Cephe estetik merkezi Fibrobeton,
Uluslararası Yapı 2008 İstanbul Fuarı’nın en çok ilgi çeken standlarından biri
oldu. En son Astoria, City’s Nişantaşı ve
İstinye Park gibi prestij projeleri ile adından bahsettiren
Fibrobeton, mimarlar için özgünlük ve özgürlük, mühendisler için kolay ve hızlı
montaj, yükleniciler için ekonomi ve bakım kolaylığı, kullanıcılar için ise
estetik ve güven sunuyor. Firmanın, 21 yıl önce İngiltere’den alınan ‘know how’
ile başlayan öyküsü, aynı zamanda 20 yıla sığdırılan 2000’i aşkın projenin de
öyküsü. Yapı 2008 İstanbul Fuarı’nda “Ayinesi iştir kişinin, lafa bakılmaz”
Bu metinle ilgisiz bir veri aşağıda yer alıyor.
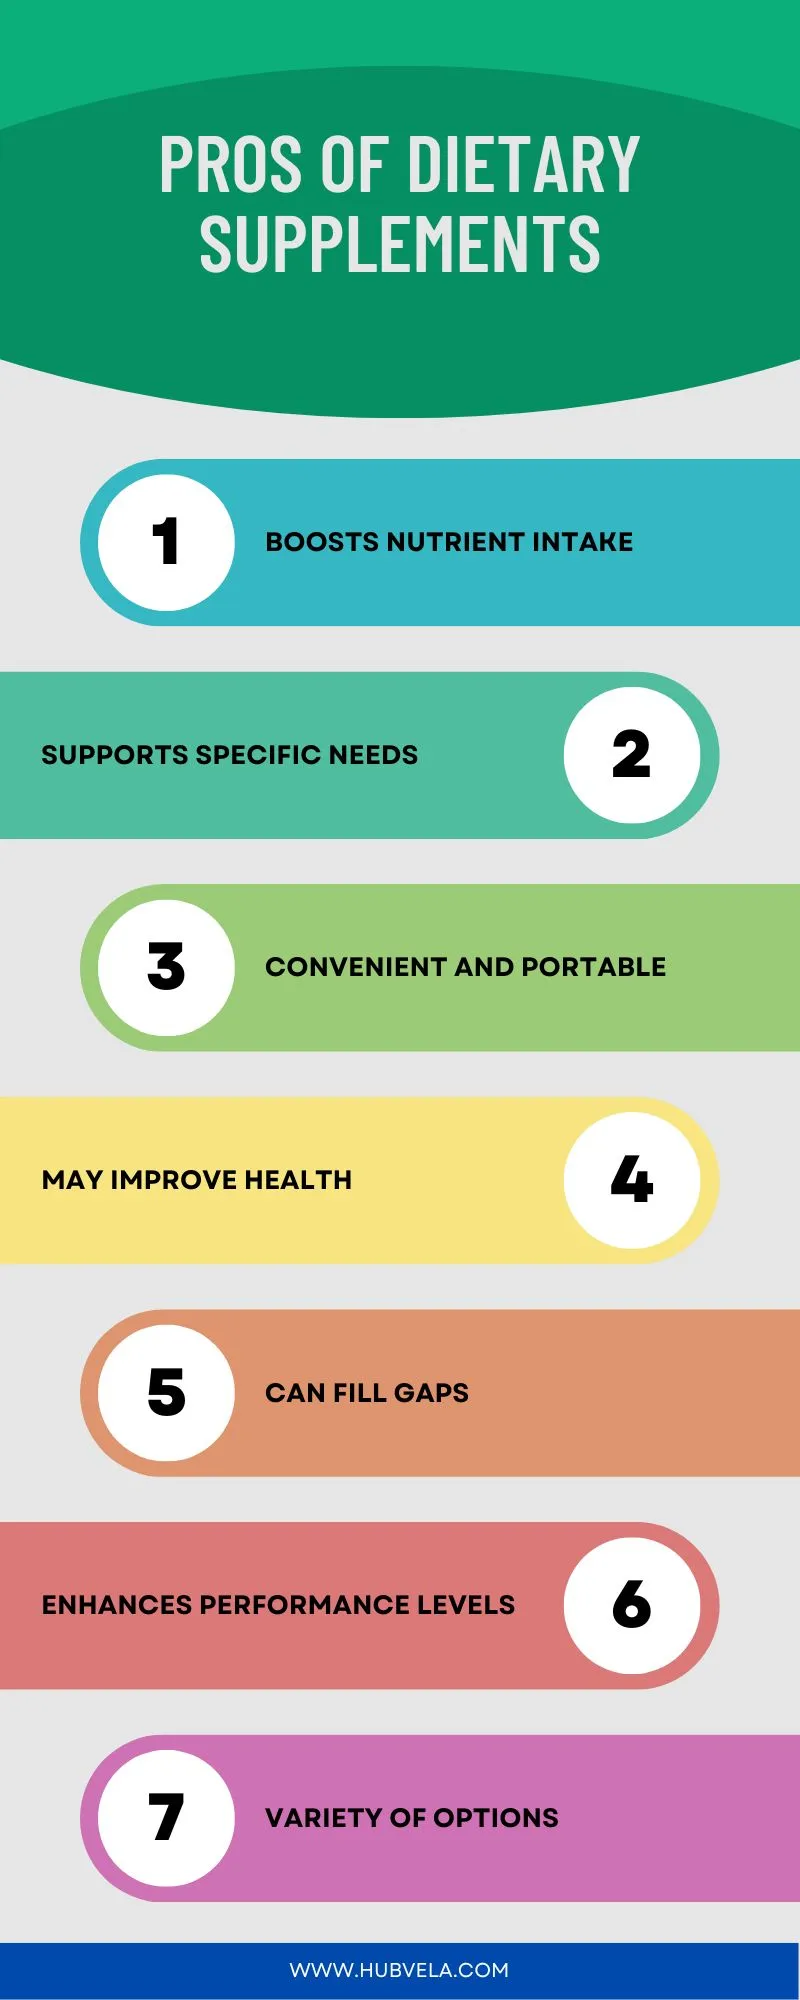 Pros of Dietary Supplements Infographic

diyen Fibrobeton İcra kurulu Başkanı A. Dündar Yetişener ile
konuştuk.
Yapı Fuarı’na kaçıncı kez katılıyorsunuz, yıllar içinde nasıl bir
değişime tanıklık ettiniz?
1987 yılında kurulduk ve kurulduğumuz yıldan başlayarak hep Yapı Fuarı’na
katıldık. İlk zamanlar, belki de biraz acemilikten birkaç fuara birden
katılıyorduk. Ama ikinci yıldan başlayarak sektörün gerçek buluşma noktasının
YEM’in düzenlediği Yapı Fuarı olduğunu gördük ve eski adıyla Spor ve Sergi
Sarayı’ndan itibaren gittiği her yeri dolaştık. İşte en nihayetinde burada,
Tüyap’tayız. Dünya küreselleşiyor, Türkiye gelişiyor ve buna paralel olarak
sektör de büyüyor. Dolayısıyla fuarın katılımcı sayısı da artıyor.
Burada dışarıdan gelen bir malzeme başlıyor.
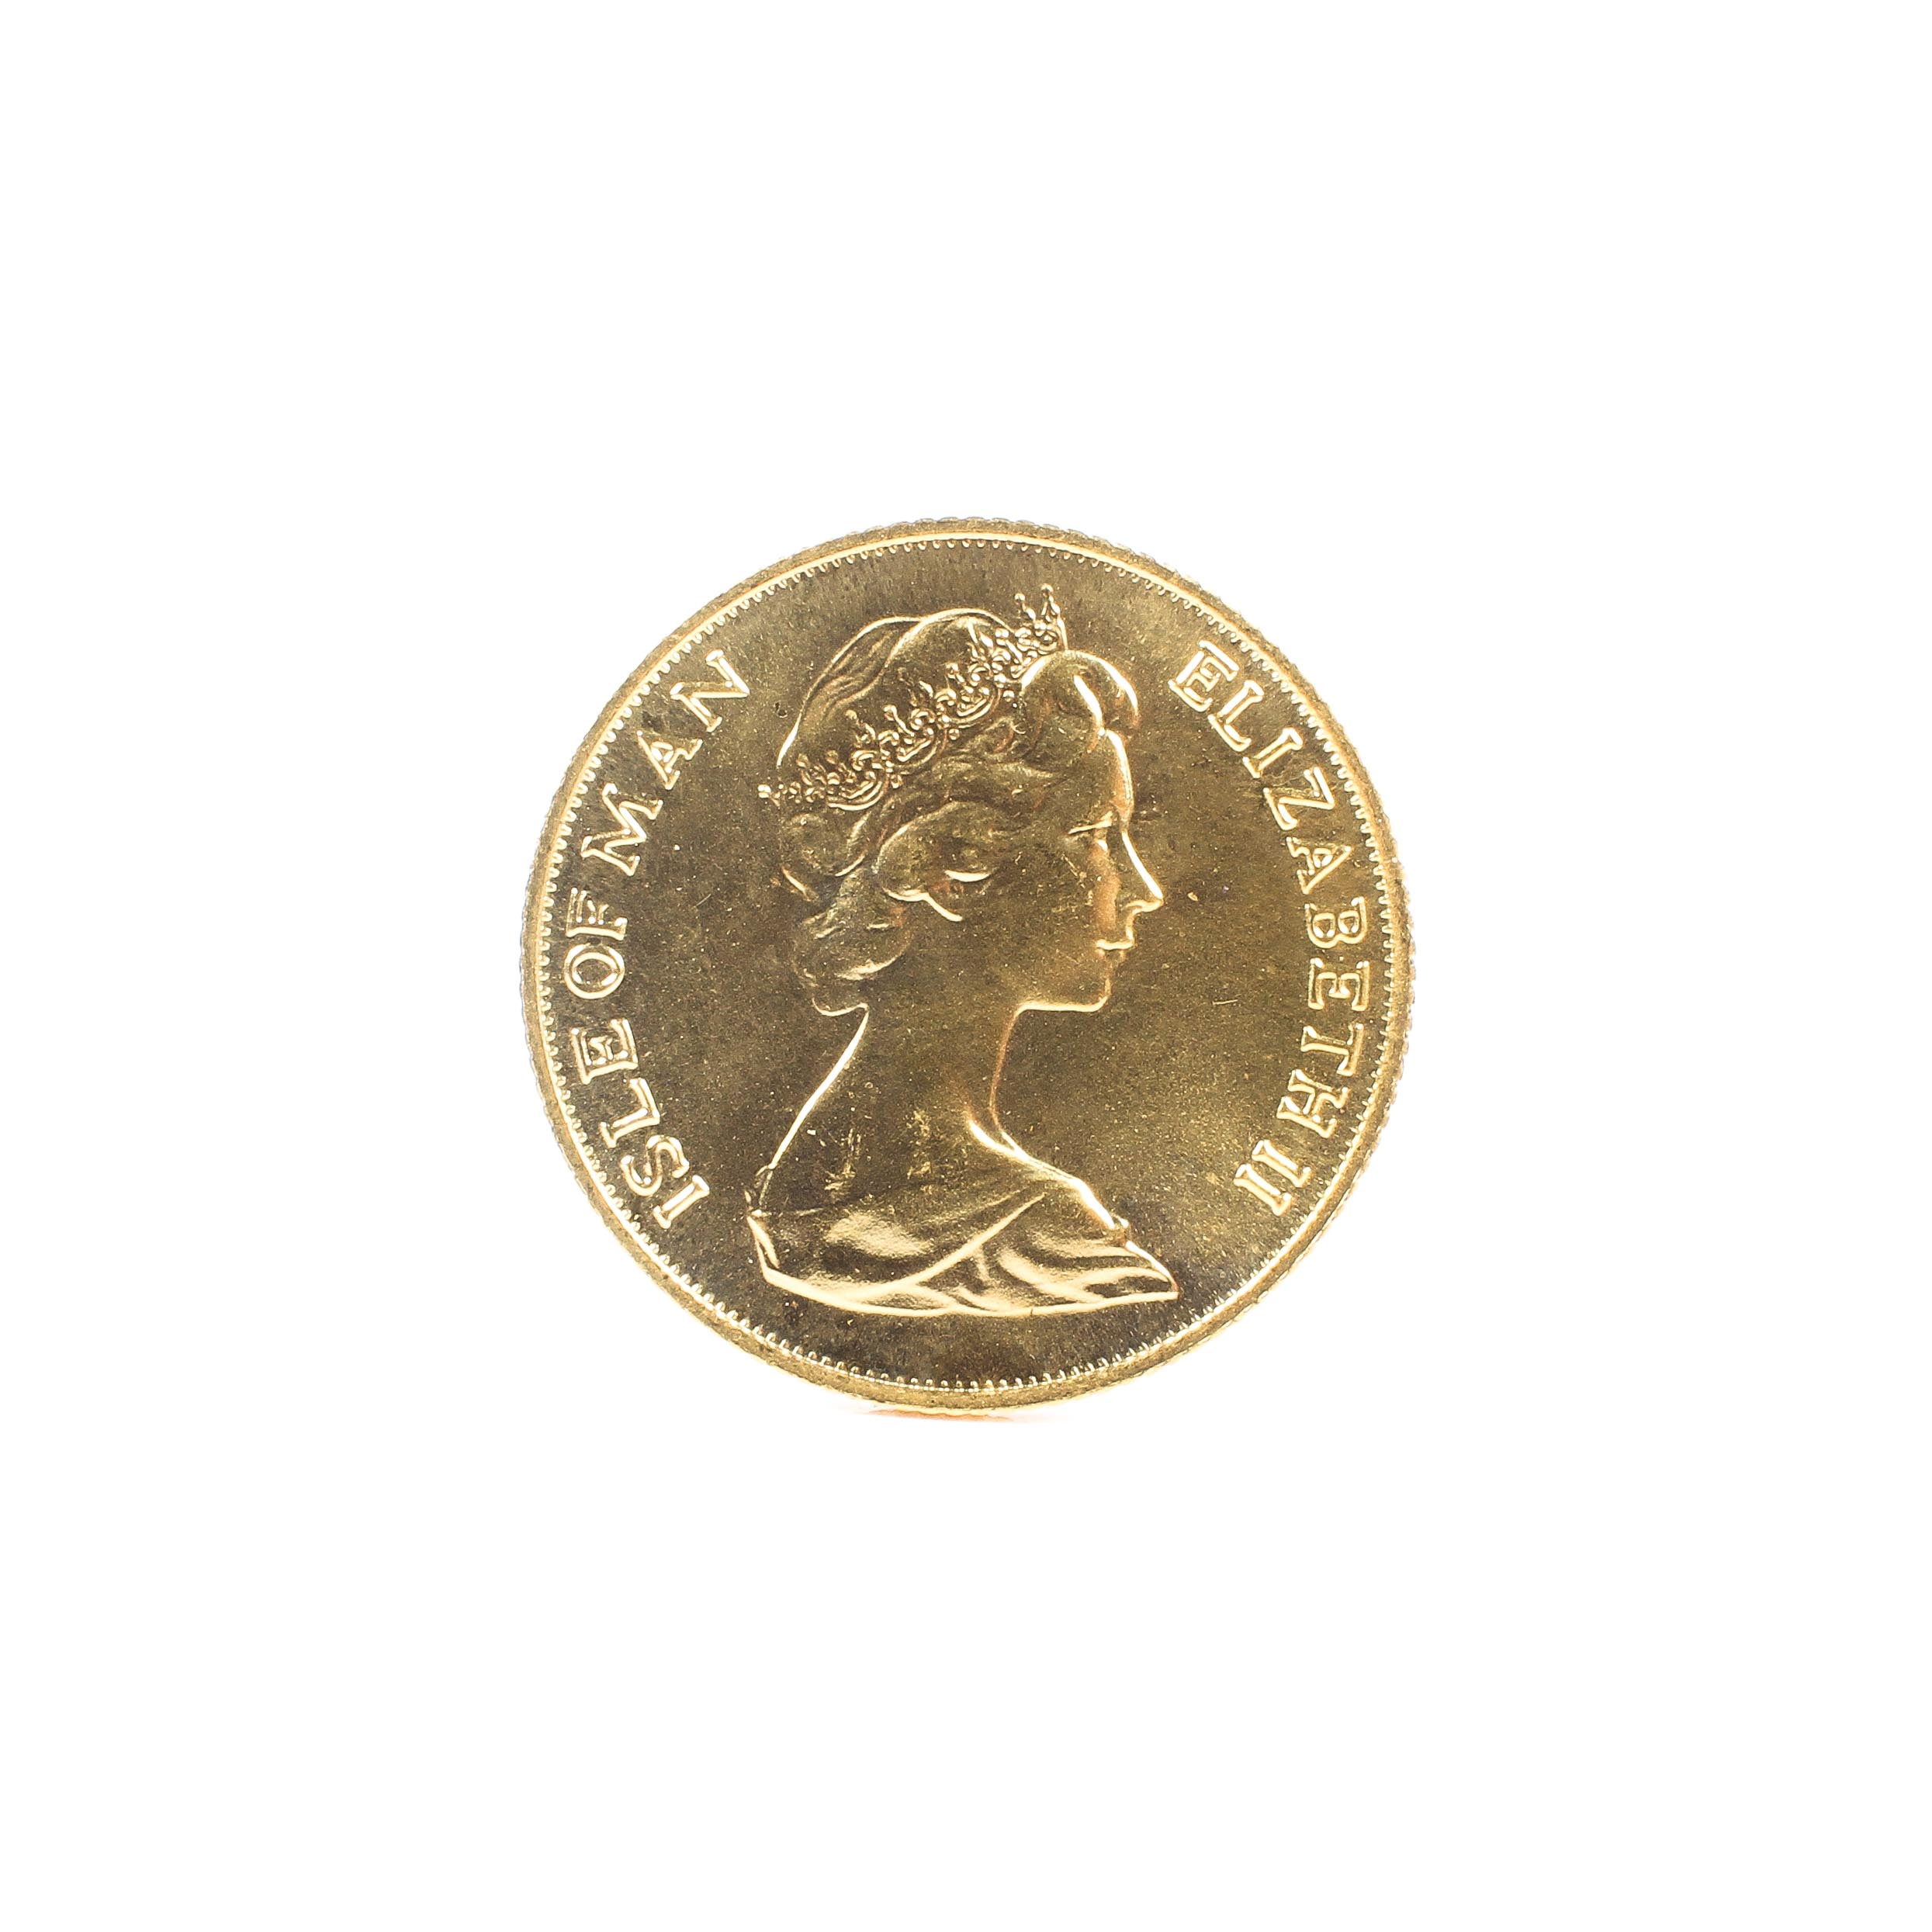 An Isle of Man 1973 Gold Sovereign 8.0g.

Yılın ilk yarısını neredeyse geride bıraktık. Sektörle ilgili son
gelişmeleri nasıl değerlendiriyorsunuz? Siz de karamsar mısınız?
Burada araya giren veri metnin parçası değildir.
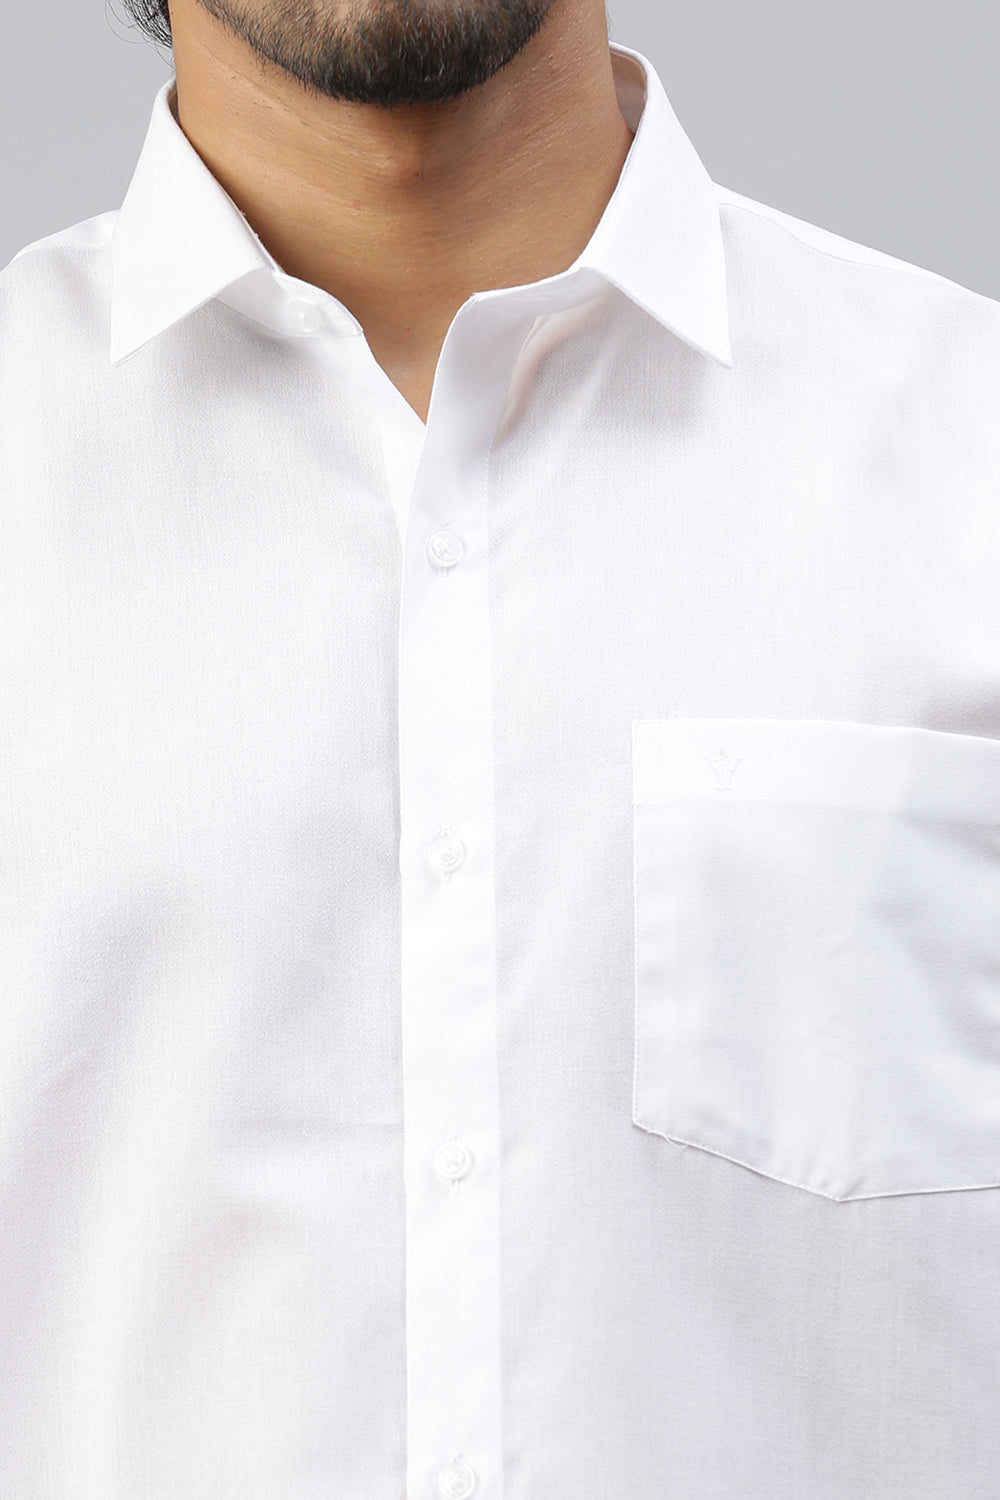 Mens Cotton White Shirt Full Sleeves Viceroy-Zoom view

Yıllardır hep aynı şeyi söylüyorum. Konut ve inşaat sektörü var oldukça ve
ivmesini korudukça, ülkenin ekonomisi de büyüyerek gidecektir. Çünkü diplomaya
ihtiyaç duyulmadan en çok istihdam yaratılan ve en az uzmanlık isteyen sektör
inşaat sektörüdür. Sektörde, 20 – 25 yıl öncesinde her şeyi kendileri yapan,
kadroları geniş büyük firmalar vardı. Ancak sonrasında yalıtım, cephe, doğrama
gibi alanlar üzerinde uzmanlaşmış firmalar ortaya çıkmaya başladı. Sektör, uzman
firmalarla birlikte daha doğru bir büyüme yakaladı ve bu büyüme bugüne kadar da
sürdü. Benim deniz anası benzetmesini yaptığım ve 2 - 3 yılda bir kendini
gösteren daralmalar, inip çıkan trendler var. Hatırlarsanız, 1990’da Körfez
krizini, 1994’te ekonomik krizi, 1999’da depremi, sektör dışındaki bütün
oyuncuları da vuran 2001 krizini ve en nihayetinde dünyayı da vuran 11 Eylül
saldırısını yaşadık. Piyasa bu tür gelişmelerle bir daralıyor, bir açılıyor. Son
olarak istikrarlı bir dönem yakalanmıştı ve büyüme rakamları da bunu açıkça
ortaya koyuyordu. Şu anda global bir kriz yaşanıyor. İçerde de, ‘istikrar
bozuluyor mu acaba?’ diye bir tereddüt, bir güvensizlik var. Bu güvensizlik,
ister istemez herkesi bir bekleme sürecine itiyor. 2007 Ağustos’unda başlayan
mortgage krizi, henüz Türkiye’de etkisini hissettirmedi. Şu an bize sıkıntı
yaşatan asıl sorun, içerde bir kopukluk olup olmayacağı. Bu endişe, her şeyin
önüne geçiyor.
Siz bu anlamda ne gibi önlemler almayı
düşünüyorsunuz? Yeni stratejiler oluşturmanız söz konusu mu?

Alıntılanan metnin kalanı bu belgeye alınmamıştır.